Several studies revealed that cellular tumours with low baseline pre-treatment ADC values respond better to chemotherapy or radiation treatment than tumours with high pre-treatment ADC values because the latter are likely to be more necrotic.^16,31,34 This is based on the theory that necrotic tumours are frequently hypoxic, acidotic and poorly perfused, leading to diminished sensitivity to chemotherapy and RT.^31,33 To more precisely evaluate the necrotic component within a heterogeneous tumour, histogram-based analysis has been suggested to assess early therapeutic response and predict survival in patients with specific cancers.^14–19 In uterine cervical cancer patients treated with CRT, McVeigh et al¹⁵ demonstrated that the ADC_90% was lower in responders than in non-responders. Heo et al¹⁷ reported the pre-CRT ADC_75% served as a biomarker for predicting tumour recurrence in patients with uterine cervical cancer treated with CRT. In contrast to those studies, our study showed the all ADC parameters had no significant differences between the responder and non-responder groups, and only ADC_10% among the ADC parameters had a significant association for EFS in Cox regression analysis. The difference between our study and previous ones may reflect differences in the patient population characteristics. The patients enrolled in our study were diagnosed with locally advanced cancer, whereas previous studies^15,17 enrolled patients with earlier stage disease. Our study suggests that MTV and TLG can reflect the heterogeneity of advanced cervical cancer more precisely than ADC histogram parameters. As the number of previous studies dealing with ADC histogram analysis for evaluation of uterine cervical cancer prognosis is limited, further prospective studies are needed. There is also a possibility that change of the ADC histogram parameters during CRT is a better predictor of treatment response and survival in patients with uterine cervical cancer than the pre-treatment parameters, and this will be the objective of a future study.

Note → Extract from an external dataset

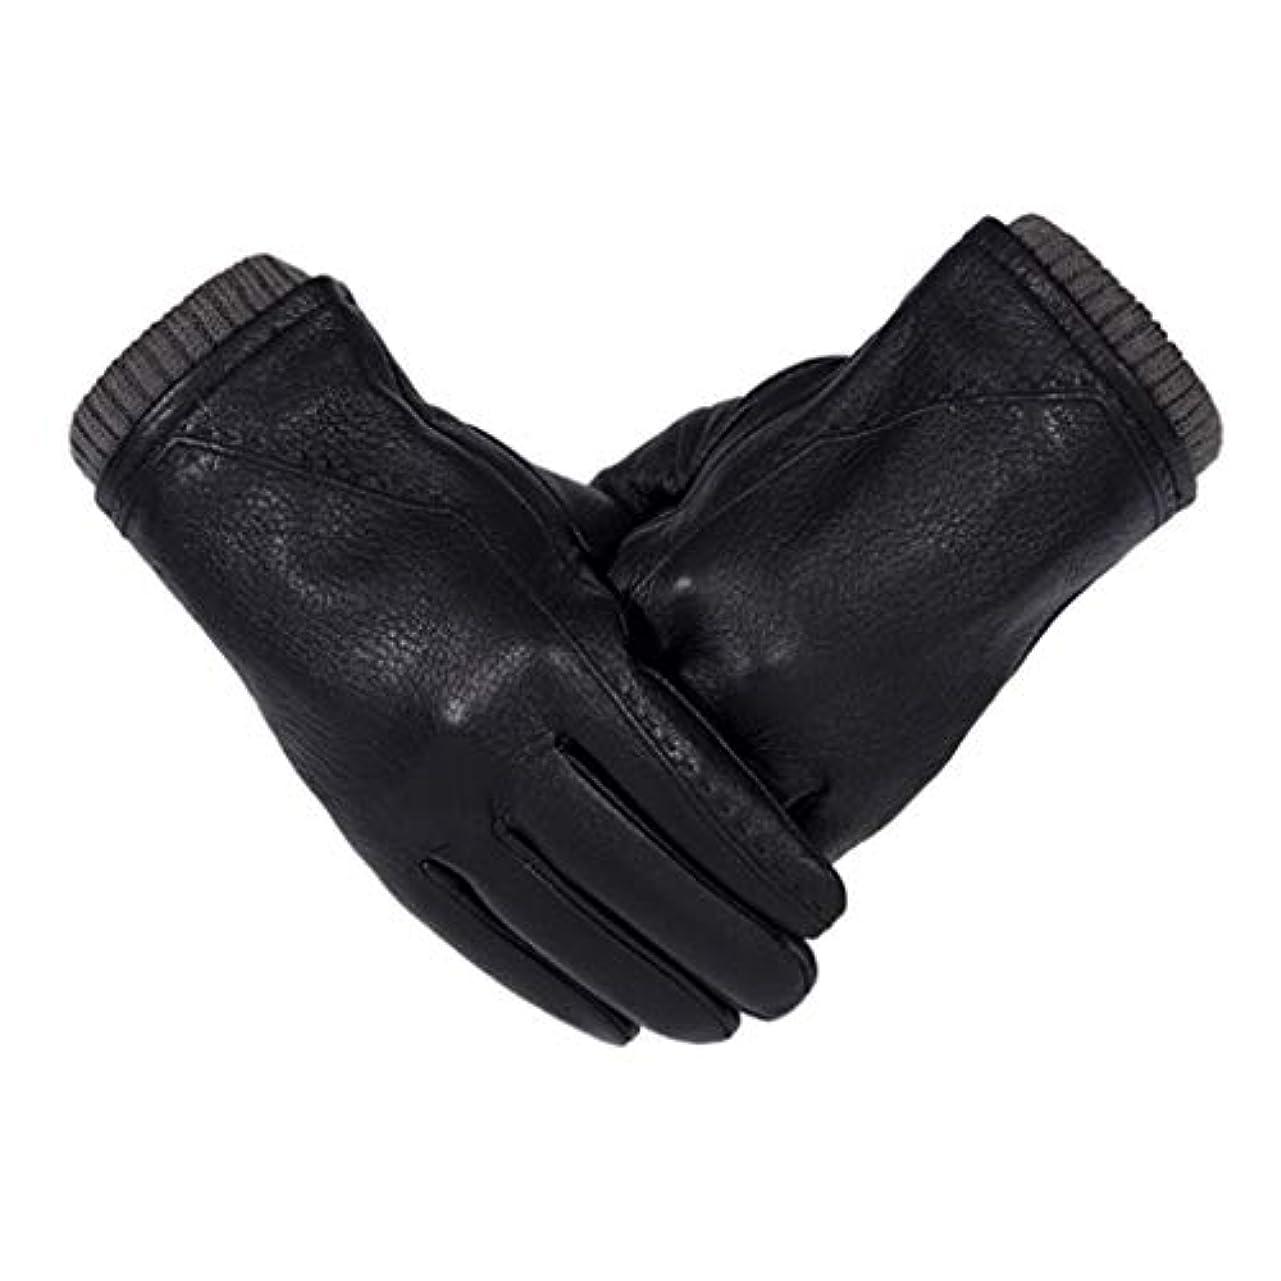 なめらか夕方休憩する革の手袋男性の冬の厚いタッチタッチスクリーン駆動サイクリング男性の暖かい手袋

Our study has the several limitations. First, it was performed with a small number of patients. Nevertheless, the advantages of MTV and TLG were proved in every statistical analysis in this study. Second, this was a retrospective study. ¹⁸F-FDG PET/CT was not performed in every case of cervical cancer in our institution before primary treatment. This may have introduced a selection bias in performing surveillance ¹⁸F-FDG PET/CT according to physicians' preference and may have influenced the study results.

Despite these limitations, our study clearly showed that MTV and TLG can be used to identify patients with advanced uterine cervical cancer treated with CRT at high risk for recurrence. Although ADC_10% was deemed to be the best of the ADC parameters for predicting EFS, our results also suggest that volume-based ¹⁸F-FDG PET/CT analysis could provide more effective information than volume-based ADC histogram analysis for predicting treatment outcome for patients with advanced uterine cervical cancer.